Staff Site Reliability Engineer designing and implementing scalable infrastructure solutions while optimizing system performance. Collaborating across teams for Walmart International to ensure reliability and security of critical systems.
Responsibilities
Design and develop scalable, modular infrastructure solutions
Implement automation scripts to enhance system operability
Optimize system performance through tuning and reliability testing
Conduct root cause analysis for performance and availability issues
Collaborate on disaster recovery planning and ensure compliance with security standards
Monitor system health using key performance indicators
Requirements
Bachelor's degree in computer science or related field with 4 years of experience in site reliability engineering or 6 years of related experience
Strong knowledge of infrastructure automation, coding standards, and scripting for CI/CD pipelines
Hands-on experience with AI/ML technologies
Skilled in Kubernetes and open-source chaos engineering tools
Experience with performance tuning and optimization on Unix/Linux platforms and JavaScript/Node.js environments
Senior Staff Reliability Engineer for the humanoid robotics team ensuring performance and safety standards. Leading reliability engineering initiatives and mentoring within the engineering team.
Reliability Engineer at Air Liquide optimizing maintenance strategies, ensuring equipment uptime across multiple sites in the United States. Collaborating with teams for continuous improvement and operational excellence.
Senior Azure Engineer at Capgemini responsible for building, operating, and optimizing cloud - native platforms. Collaborating with teams to ensure reliability, performance, and security for critical workloads.
DevOps Engineer specialized in Cloud environments at Avanquest, planning and migrating services to the Cloud and implementing microservice architectures.

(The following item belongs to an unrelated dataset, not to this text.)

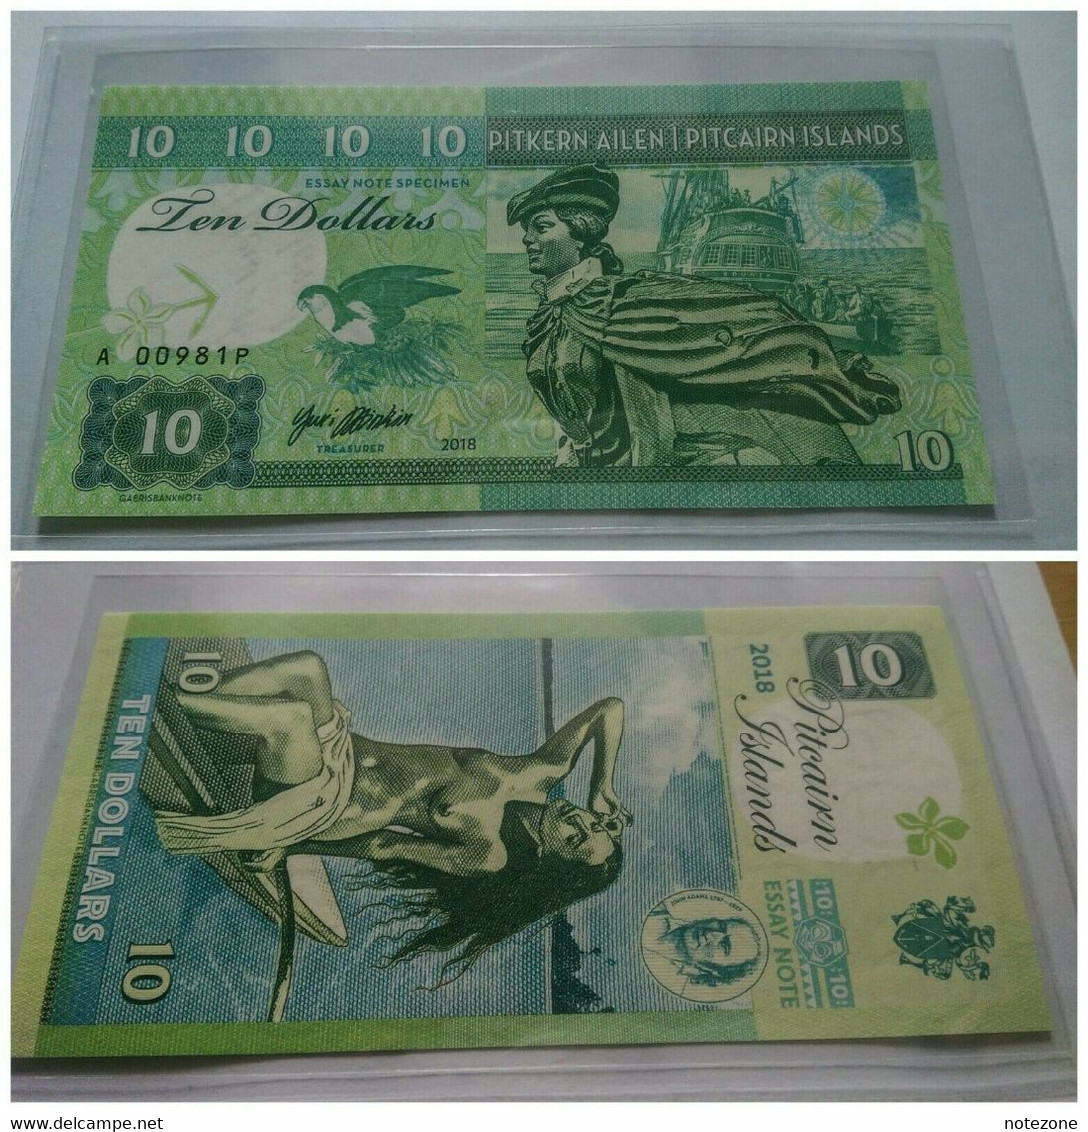 Matej Gabris $10 Pitcairn Islands Banknote Private Fantasy Test - Serie Da Collezione

Lead DevOps Engineer designing cloud infrastructure for ML/AI solutions in medical imaging. Collaborating across teams for scalable, secure platforms that optimize data operations.
DevOps/SRE Engineer for cloud environments developing ERP software at Scopevisio. Focus on AWS, infrastructure scaling, and modern technologies in a collaborative team.
Senior Coordinator for Infrastructure and DevOps leading technological infrastructure strategy and team development at RD Saúde. Ensuring stability, security, and cost efficiency in cloud operations.
Azure DevOps IT Engineer at iKnowHealth managing cloud and hybrid solutions with Microsoft Azure. Responsible for optimizing infrastructure and ensuring system performance in healthcare software.
SRE Manager leading a team in reliability engineering at WEX. Overseeing system stability and balancing feature delivery within Microsoft Azure ecosystem.
Lead DevOps Architect guiding AWS and LaunchDarkly solutions. Overseeing enterprise - grade feature management and technical leadership with hands - on implementation.